While these models have only slightly lower accuracies, the precision-recall rates are much worse. 

We will now try the gradient boosting classifier. 

In [7]:
from sklearn.ensemble import GradientBoostingClassifier
gb = GradientBoostingClassifier().fit(X_train, y_train)
print('gradient boosting results:')
print('accuracy', accuracy_score(y_test, gb.predict(X_test)))
print('precision for 4 classes:', precision_score(y_test, gb.predict(X_test), average=None))
print('recall for 4 classes:', recall_score(y_test, gb.predict(X_test), average=None))
print('f1-score for 4 classes:', f1_score(y_test, gb.predict(X_test), average=None))

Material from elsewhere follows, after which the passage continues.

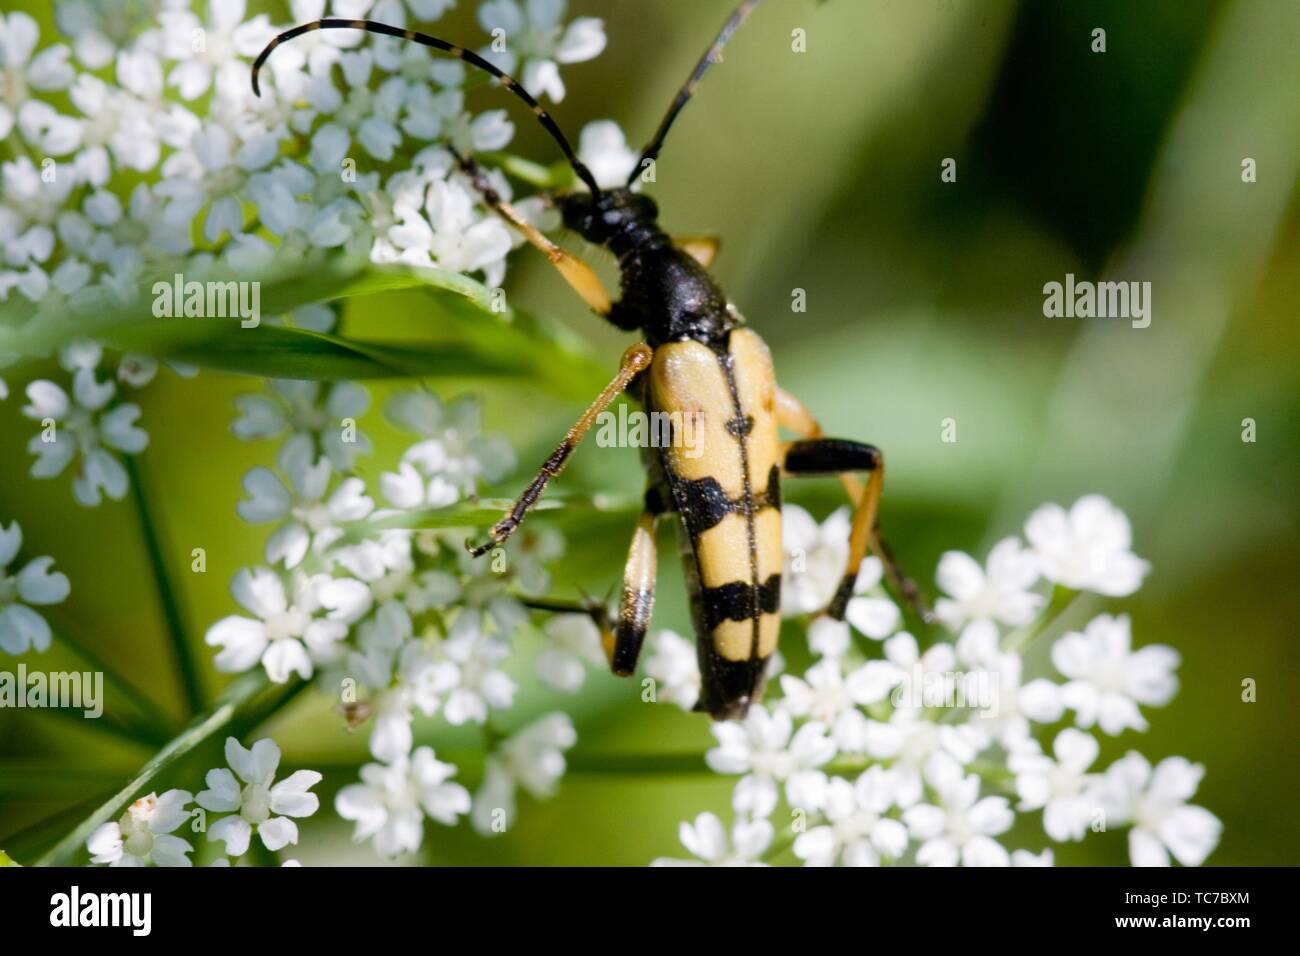 Spotted Longhorn, Leptura maculata. Rutpela maculata, Strangalia maculata. Body size; 18-24mm. Bright yellow and black Longhorn Beetle with yellow Stock Photo

gradient boosting results:
accuracy 0.9620462046204621
precision for 4 classes: [0.89714286 0.93333333 1.         0.96296296]
recall for 4 classes: [0.98125    0.90322581 0.99710145 0.66666667]
f1-score for 4 classes: [0.93731343 0.91803279 0.99854862 0.78787879]


The gradient boosting classifier works really well in this set up, with higher accuracy of about 96% and very good precision-recall rates.